(1.) THIS civil revision petition is filed under Article 227 of the Constitution in somewnat unusual circumstances, which can be stated briefly. A suit O. S. No. 21 of 1968 was pending between Kichenaramanoudjam Chettiar (Plaintiff) and alamelu Ammale and four other persons, in the Court of the Premier Instance at karaikal. That suit was instituted on 7-4-1967. The Pondicherry Legislature passed the Pondicherry Civil Courts Act, 1966 (Act 12 of 1966 ). This Act provided for the replacement of the existing hierarchy of Courts dealing with civil law in the pondicherry Union Territory (which was formerly a part of the overseas territories of France) by a hierarchy of Courts following the same pattern as in the Indian union. To illustrate this, under Section 6 (1) of the Act, the Tribunal Superieur d' appel becomes the Court of the District Judge, the Tribunal of the Premier instance becomes the Court of a Sub-Judge and the Court of the Judges de Paix becomes the Munsif's Court. This Act was to come into force on such date as the Pondicherry Government by notification in the official gazette may appoint. Thereafter, the Parliament enacted the Pondicherry (Extension of Laws) Act, 1968 (Act 26 of 1968) which came into force on 5-9-1968. The Pondicherry Civil Courts Act was also brought into force on the same date. Section 3 (1) of the Pondicherry (Extension of Laws) Act extended the various enactments mentioned in Part I of the Schedule, to the Pondicherry state subject to the modification mentioned in the schedule, from the abovesaid date. The Code of Civil Procedure, 1908, is one of enactments mentioned in the schedule. That Code as in force in the State of Madras on the 1st day of August 1966 was extended to Pondicherry. A certain modification was made in column 5 of the schedule by stating that any judgment, decree or order passed or made before the enactment under the preexisting law in Pondicherry shall be deemed to have been made or passed under the Civil Procedure Code; but any period of limitation in respect of such judgment, decree or order under the pre existing law should not be treated as having been extended. Correspondingly there was also introduced in the pondicherry (Extension of Laws) Act a repealing and saving provision as follows:--
(2.) ORIGINALLY, the revision petition, purporting to be under Article 227 of the constitution, was filed in this Court by one Ameer Mohammed, one of the lawyers who figured as the third petitioner in the LA. In an interlocutory order passed by me on 21-1-1969 I directed the petitioner's counsel to supply information as to whether Ameer Mohammed, the petitioner in the civil revision petition, had any interest in 9. S. No. 21 of 1968 In which the aforesaid I. A. is sought to be filed. Thereupon, the petitioner's counsel substituted, in the place of Ameer Mohamed, two persons D. M. J. Delaflore and A. Veda, who were advocates appearing for the parties in O. S. No. 21 of 1968. The other advocates who appeared as petitioners in the I. A. , as well as the parties in the suit were impleaded as respondents. The matter has thereafter come for hearing. The petitioners dispensed with notice to respondents 6 to 8. Since the question involved an important principle of procedure under the new enactments notice was also given to the learned government pleader of Pondicherry. At the time of the hearing of the petition, Sri n. Arunachalam, learned counsel appearing for the petitioners and the learned government Pleader for Pondicherry submitted their arguments.
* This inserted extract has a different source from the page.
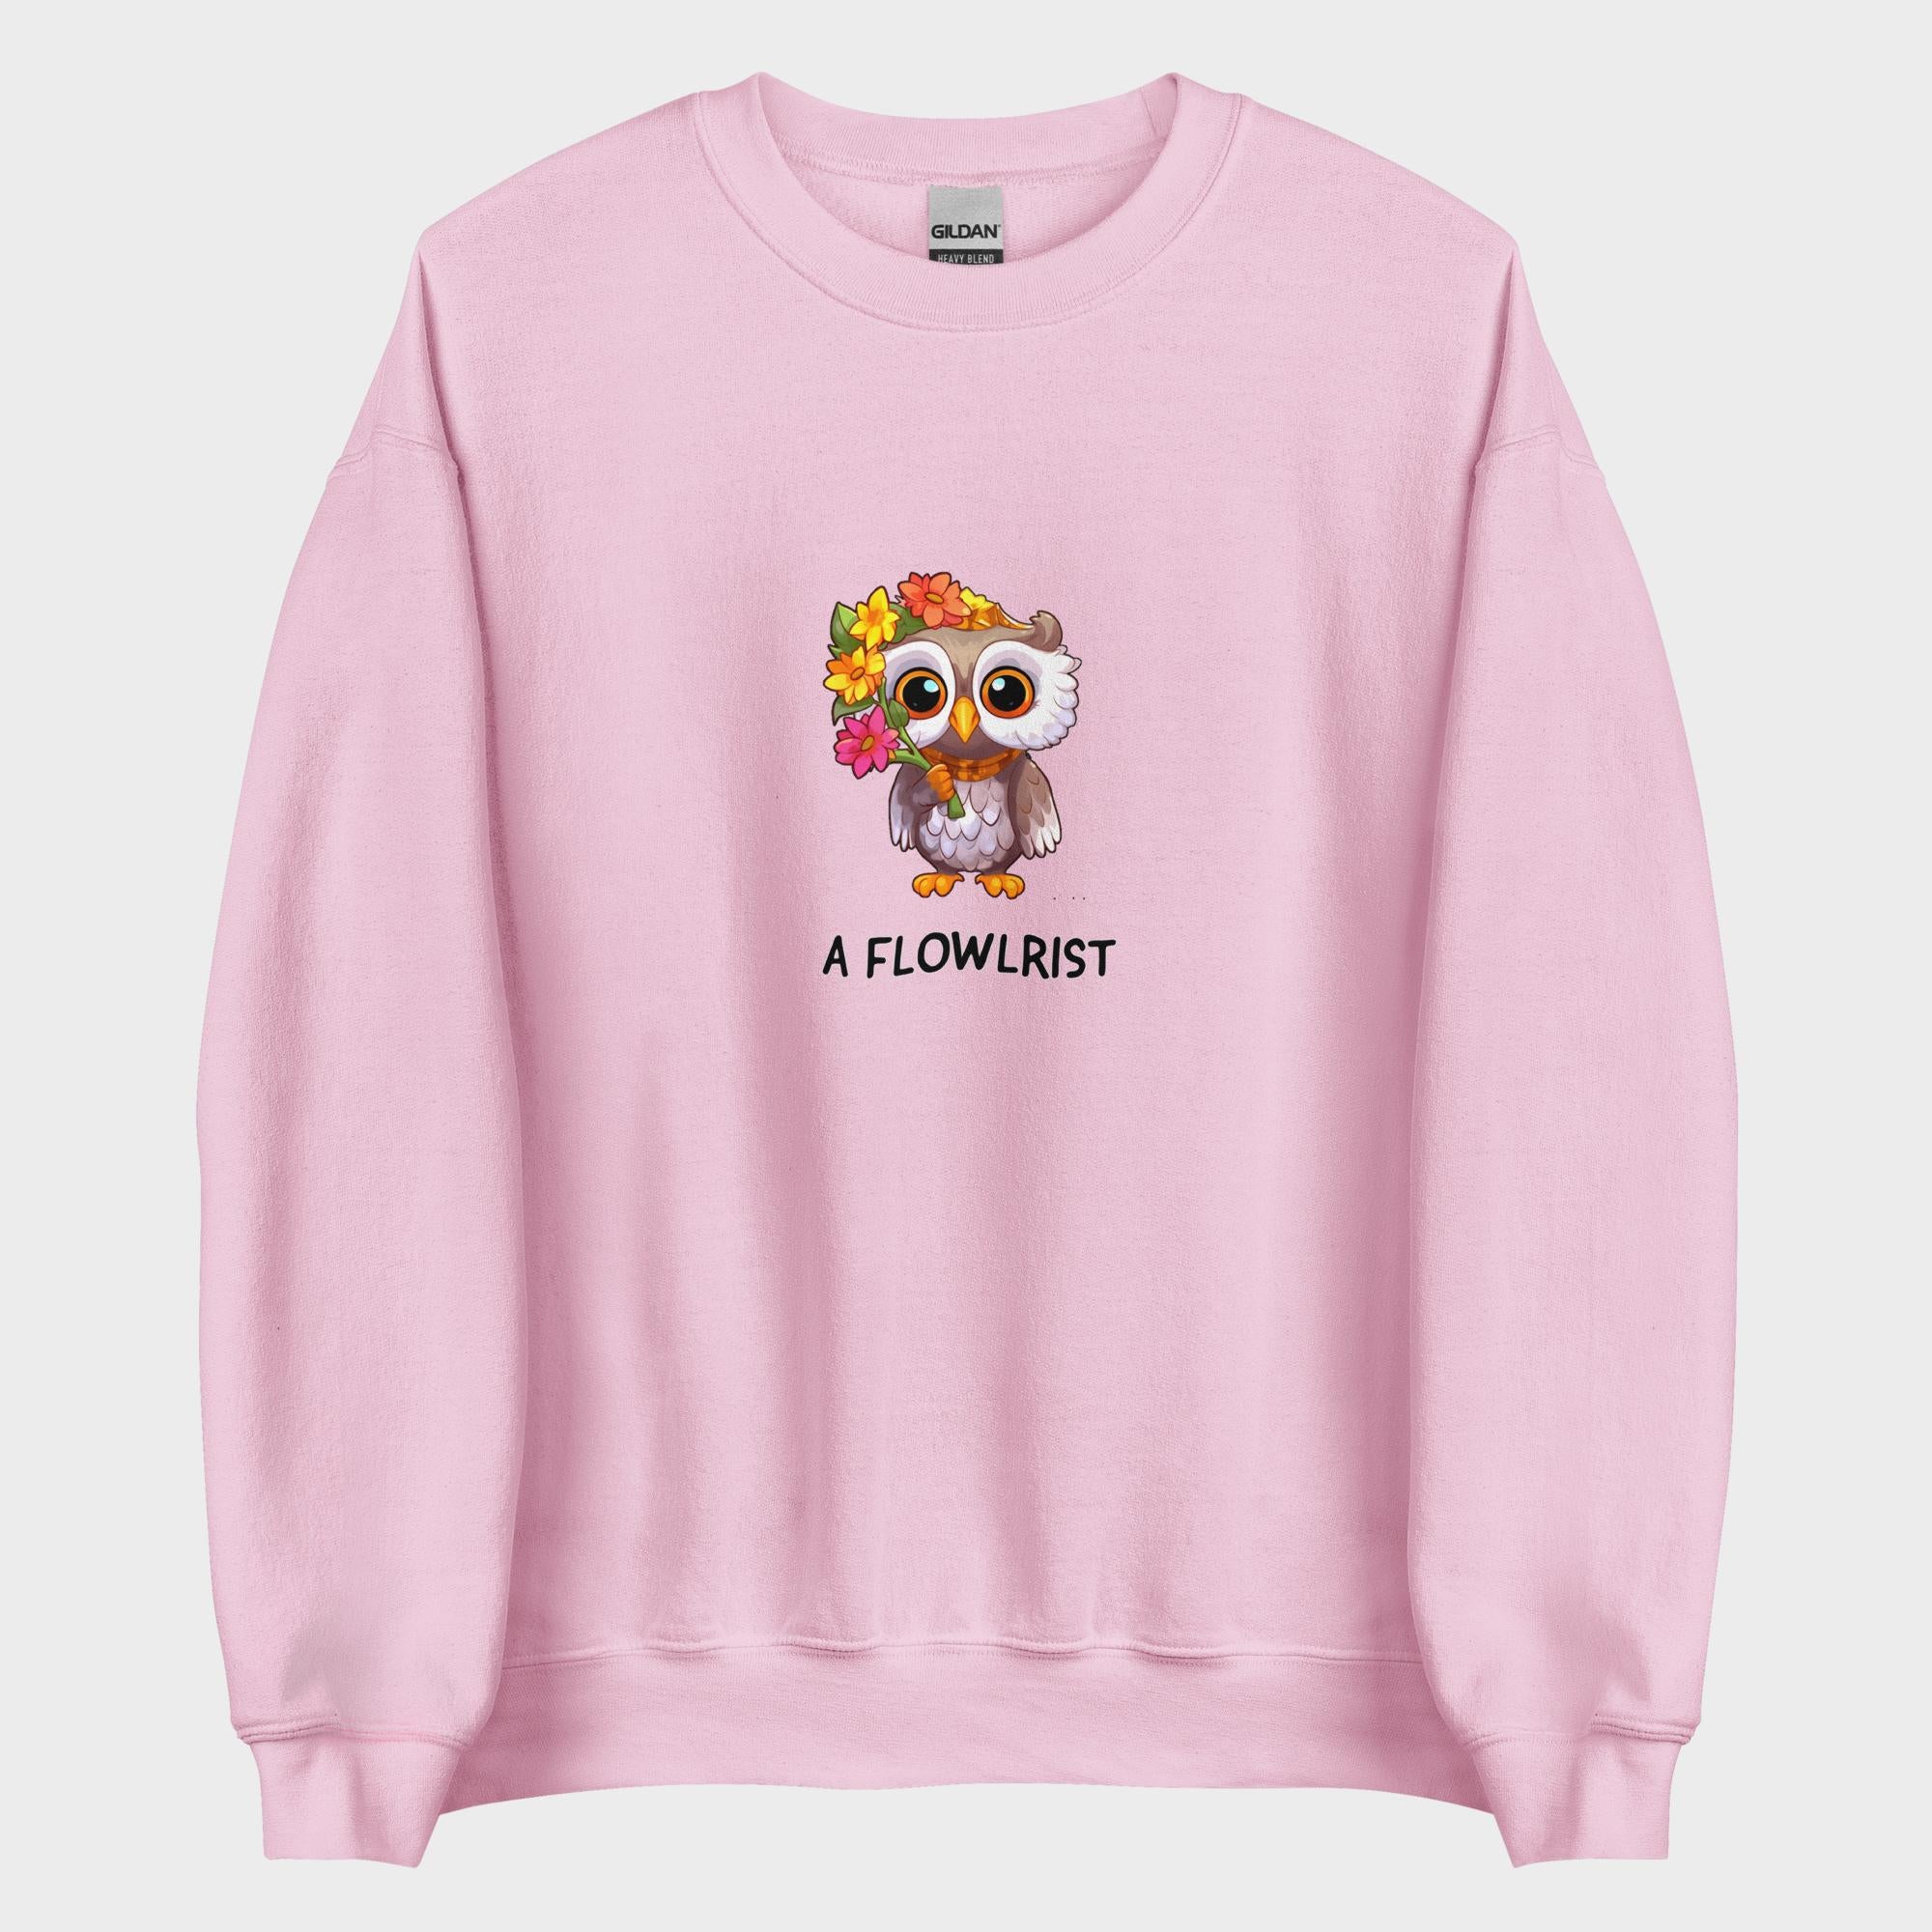 A Flowlrist - Sweatshirt

(3.) TO begin with. It must be pointed out that the petition as framed in the lower court was by five members of the Bar, two of whom alone were counsel appearing for the parties in O. S. No. 21 of 1968 and the other three were counsel not on the record of the suit but were counsel practising in Karaikal. It is very doubtful whether they have any locus standi to file an application of the present kind. Another preliminary objection to the proceeding will be that the prayer in the petition, which I have extracted above, is of a very vague and general kind which is almost academic in the sense that the Court is asked to lay down a general proposition that all pending suits in Pondicherry Courts shall continue to be dealt with under the procedure of the French Law ie. , under the French Civil Code and not under the Indian Civil Procedure Code notwithstanding the specific provision in the Extension of Laws Act to which I have above referred. It will be very improper to give what amounts to a general legal opinion touching a general problem in an I. A. purporting to be in a suit but without reference to any specific points in this suit. No specific particulars as to the rights affected by the repealing and saving enactment so far as the parties in the pending suit are concerned are set forth.